New numbers from Dow Jones VentureSource paint an even more downbeat picture, tallying the IPO haul from venture-backed companies at just $5.4 billion. VentureSource and the NVCA use differing definitions for a "venture-backed deal," and it's not uncommon to see some differences between the two organizations' data.

But both agreed the numbers are disappointing.

"During 2012, we'll get a sense of whether the last two years of flat IPO activity is the new normal," said Zoran Basich, editor of Dow Jones VentureWire.

Adding to the concern for those hoping robust venture capital returns would lead to more wealth-producing investments, VentureSource found that for the first time in five years, acquisition activity in the fourth quarter didn't outpace the third quarter.

With the IPO bar set high in recent years, many venture firms have relied on M&A to provide a return on their investments in startup companies.

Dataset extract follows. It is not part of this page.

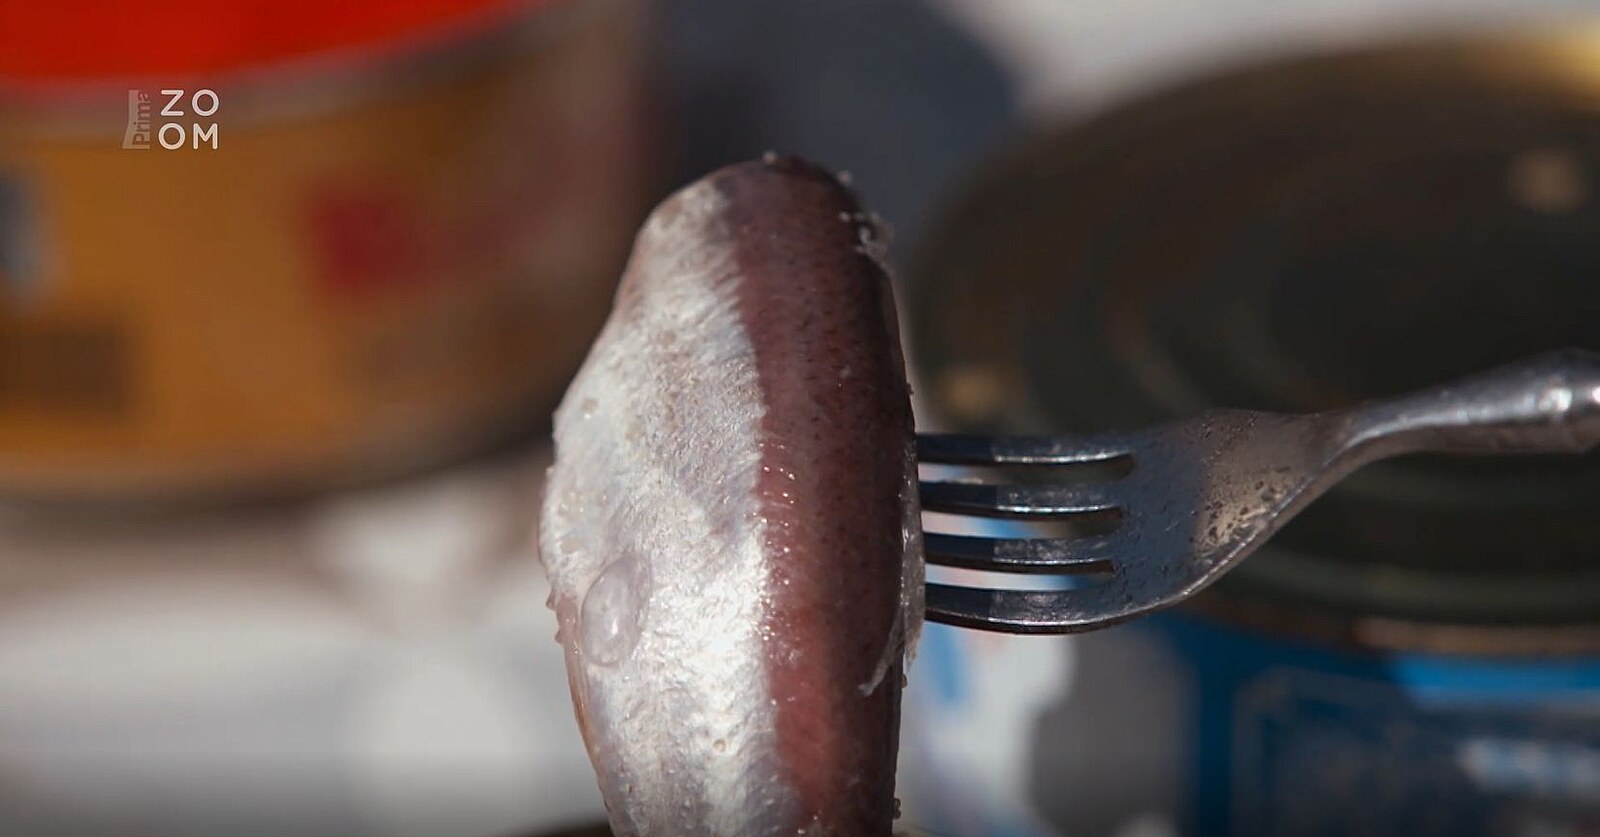 VIDEO: Nejsmradlavější jídlo na světě. To jsou švédské fermentované makrely  - iDNES.cz

The median price paid in M&A deals did spike to $71 million, nearly double 2010's figure, VentureSource found. But when the year's venture-backed mergers, acquisitions, buyouts and IPOs are taken together, they tallied $53.2 billion -- 26 percent less total capital raised than in 2010.

"2011 was not a great year," said Sam Hamadeh, chief executive of New York-based PrivCo, which tracks financial data on private companies.

Things were better for tech companies that went public than for those in other industries. The NVCA's figures show that tech firms made up a third of the year's venture-backed IPOs and more than 75 percent of the dollars raised.

As further evidence of Silicon Valley's dominance, 20 of the 52 IPOs the NVCA counted were by companies based in California. The year's largest stock offering was by Russian search firm Yandex, which raised $1.3 billion in May before the global stock markets went sideways.

Yet, while Hamadeh credited the tech industry for a decent showing amid a tough economy, he said hype also played a big part.

New numbers compiled by his firm show that nearly half of the money raised in tech IPOs last year was raised by just four high-profile companies: Zynga, Groupon, LinkedIn and Freescale Semiconductor, a chip company based in Austin, Texas, that went public in May.

Only two of the year's 10 largest tech IPOs, as identified by Hamadeh, are currently trading significantly above their IPO prices: LinkedIn and Indianapolis-based Angie's List.